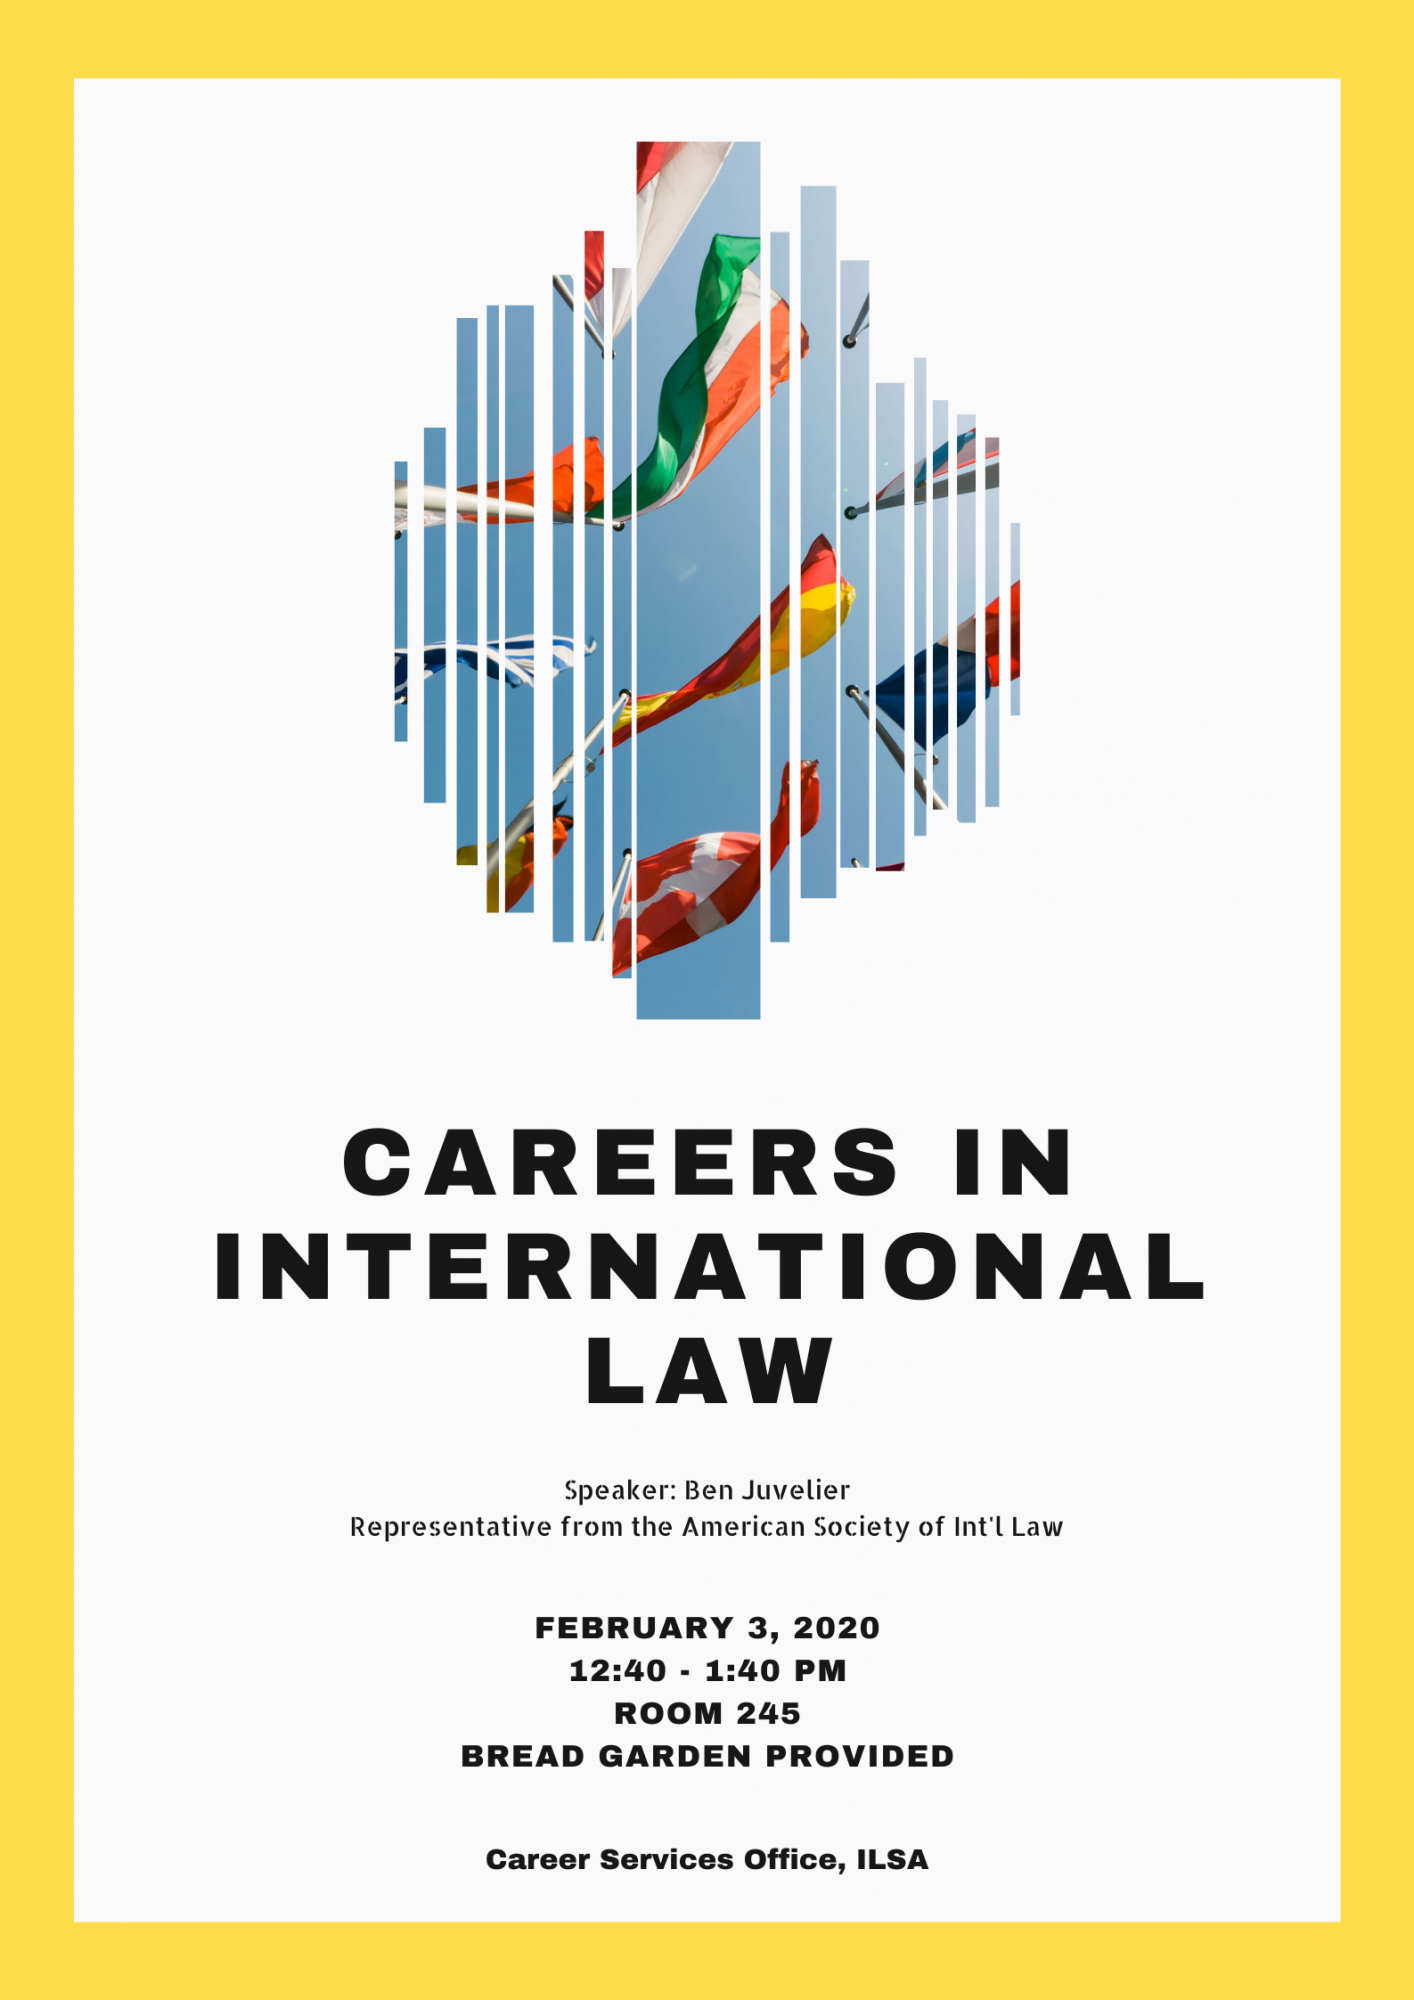 Careers in International Law. Speaker: Ben Juvelier, Representative from the American Society of International Law. February 3rd, 2020. 12:40-1:40 pm, Room 245, Bread Garden Provided. 
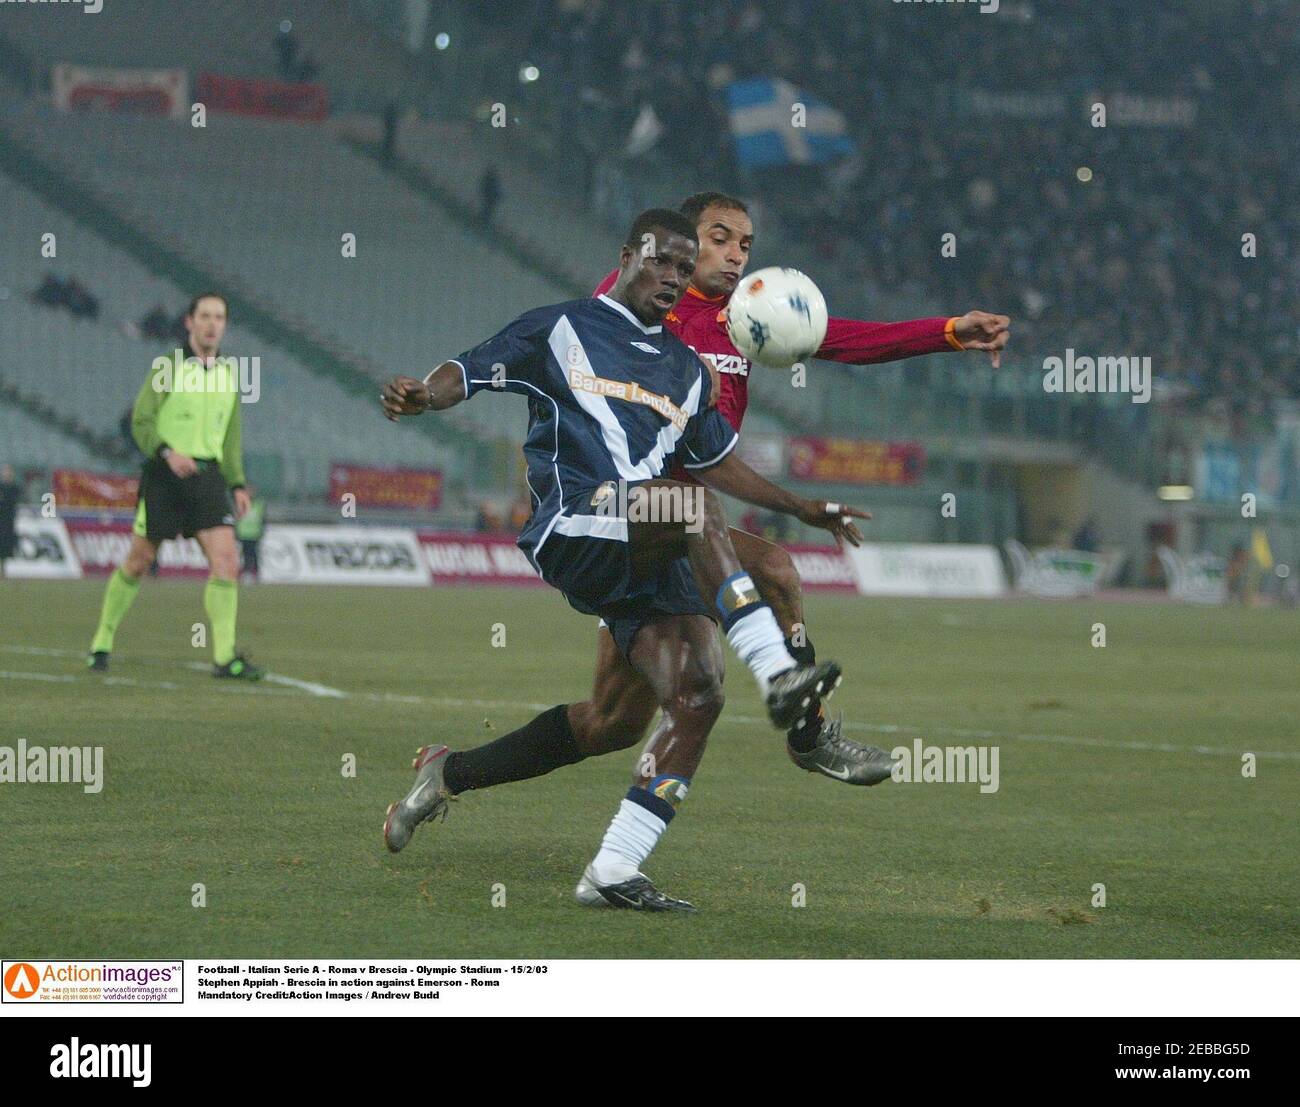 Football - Italian Serie A - Roma v Brescia - Olympic Stadium - 15/2/03  Stephen Appiah - Brescia in action against Emerson - Roma  Mandatory Credit:Action Images / Andrew Budd Stock Photo
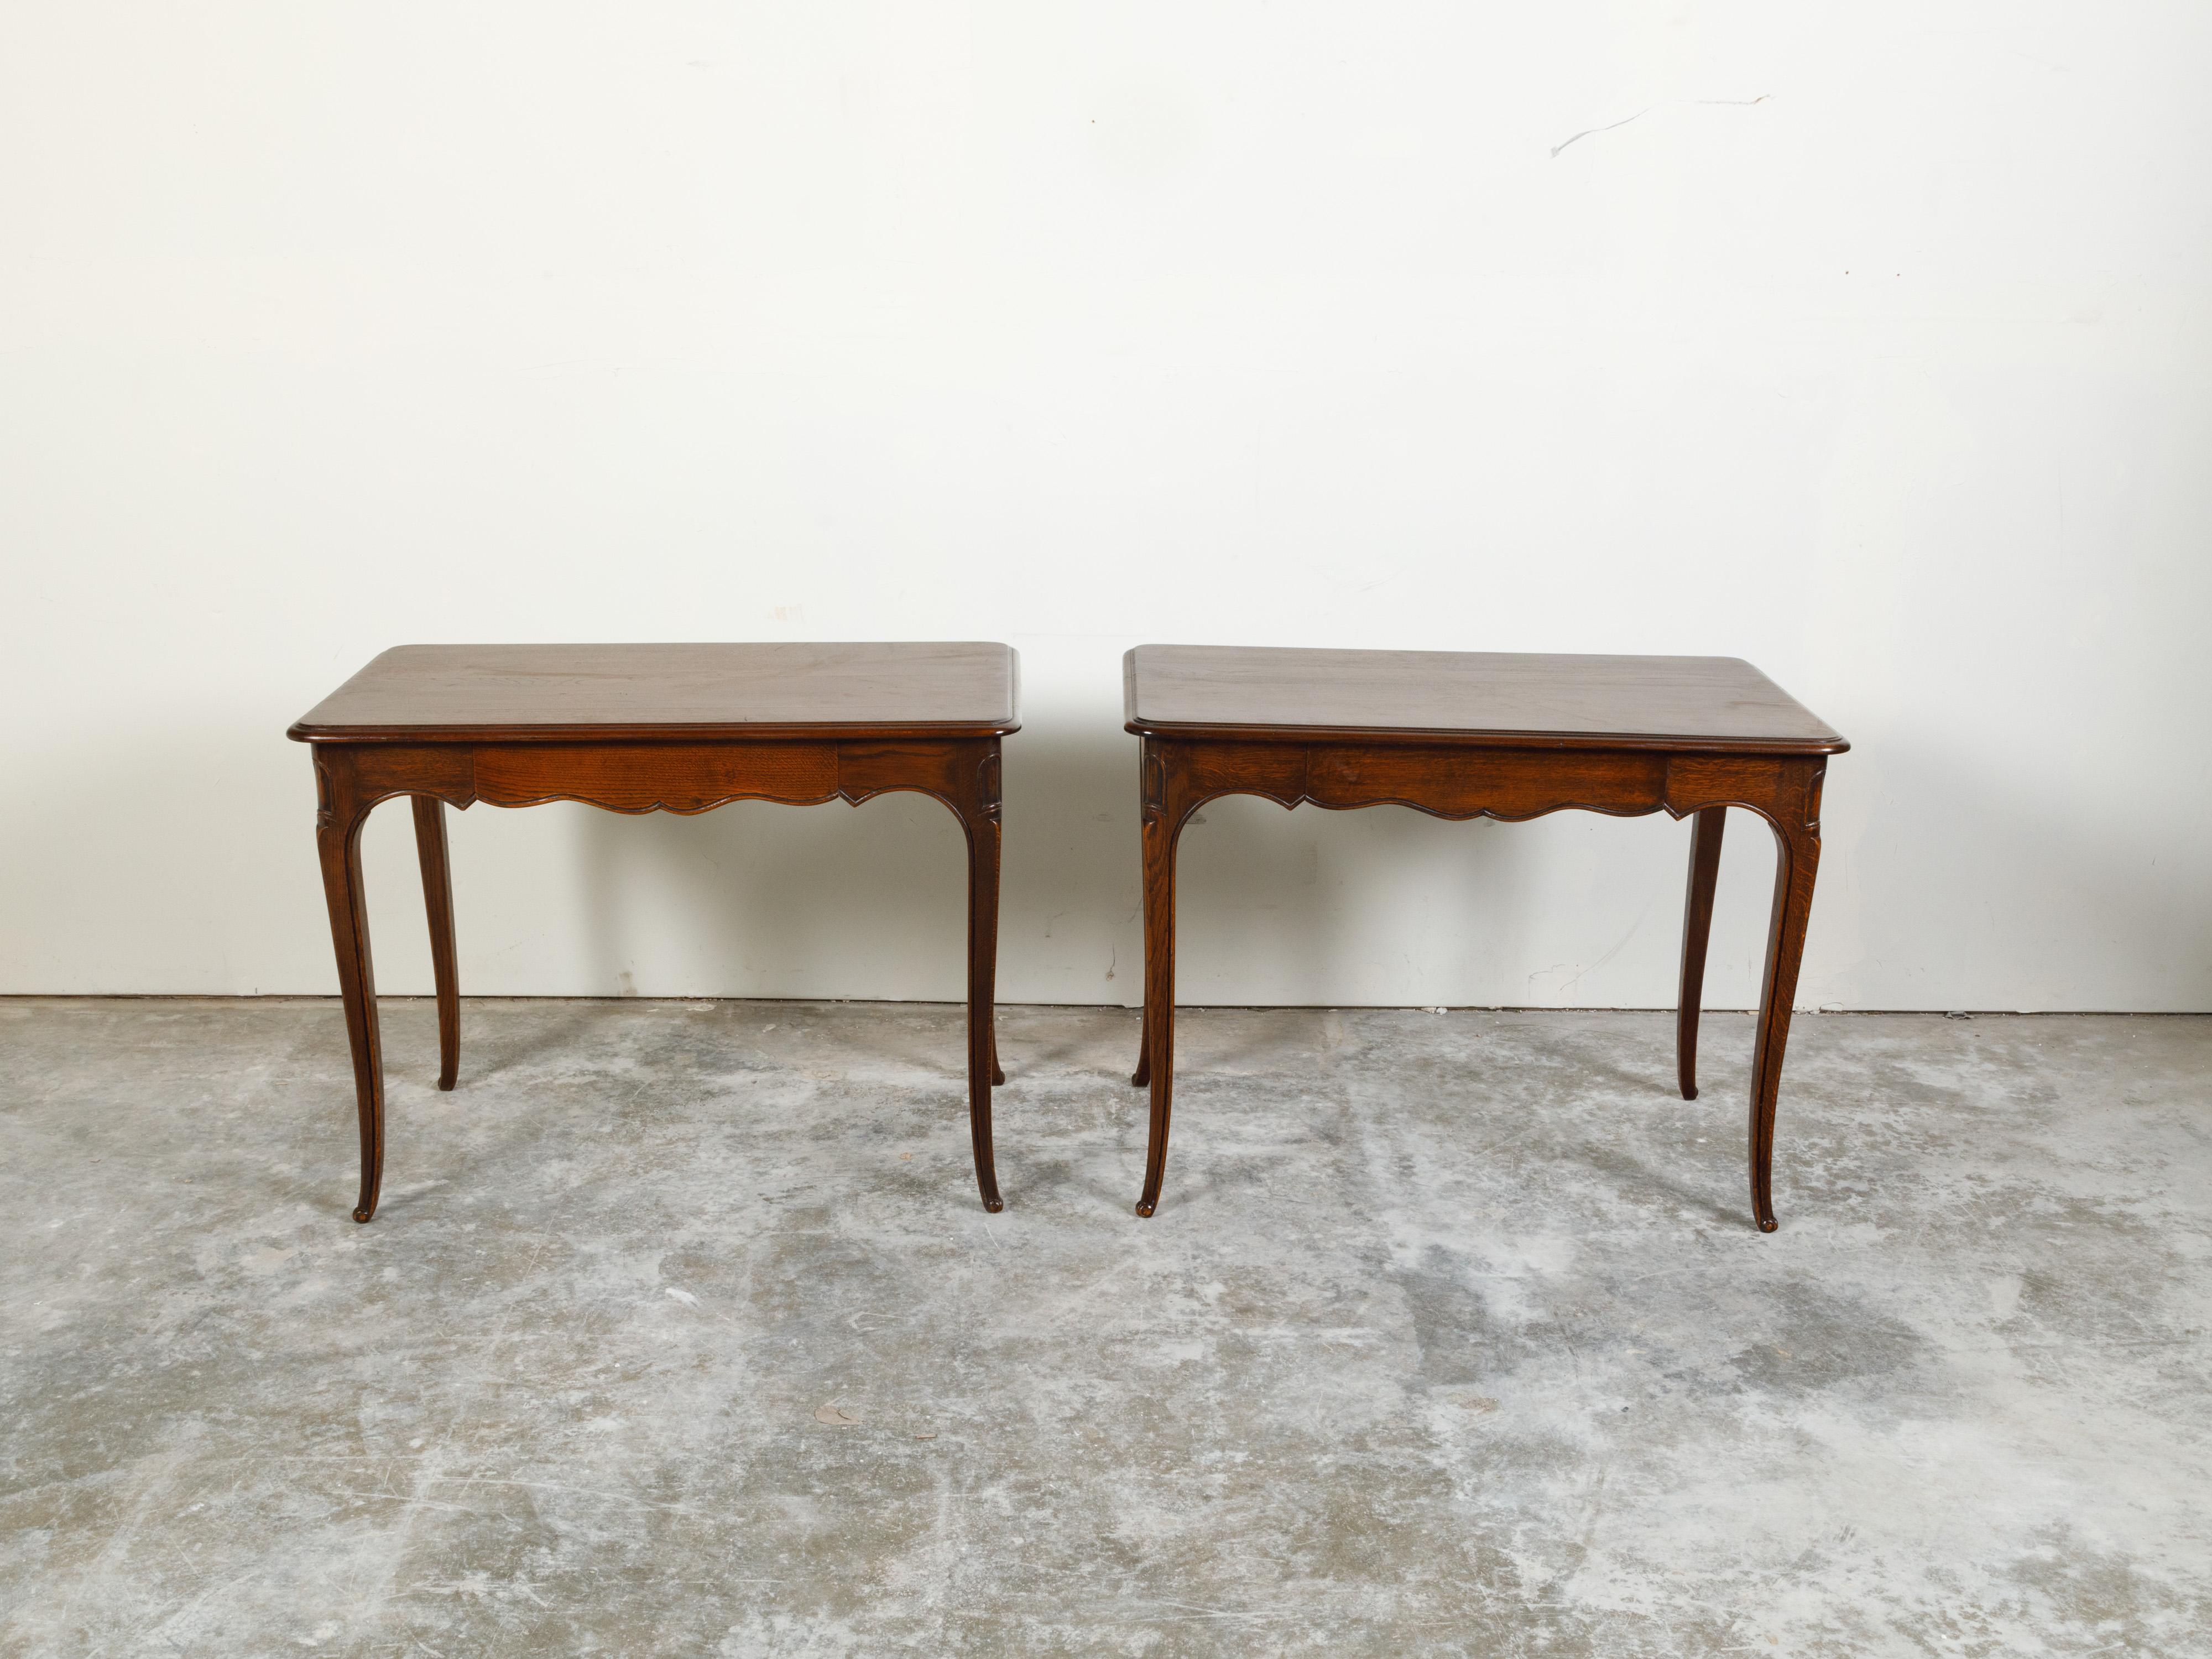 A pair of French oak console tables from the early 20th century, with single drawers, scalloped aprons and cabriole legs. Created in France during the Turn of the Century, each of this pair of console tables features a rectangular top with rounded

──────

→ Task objective
When you repeat the material, keep every word exact and drop the pictures.

→ Exercise output
 Careers in International Law. Speaker: Ben Juvelier, Representative from the American Society of International Law. February 3rd, 2020. 12:40-1:40 pm, Room 245, Bread Garden Provided. 
 Football - Italian Serie A - Roma v Brescia - Olympic Stadium - 15/2/03  Stephen Appiah - Brescia in action against Emerson - Roma  Mandatory Credit:Action Images / Andrew Budd Stock Photo
 A pair of French oak console tables from the early 20th century, with single drawers, scalloped aprons and cabriole legs. Created in France during the Turn of the Century, each of this pair of console tables features a rectangular top with rounded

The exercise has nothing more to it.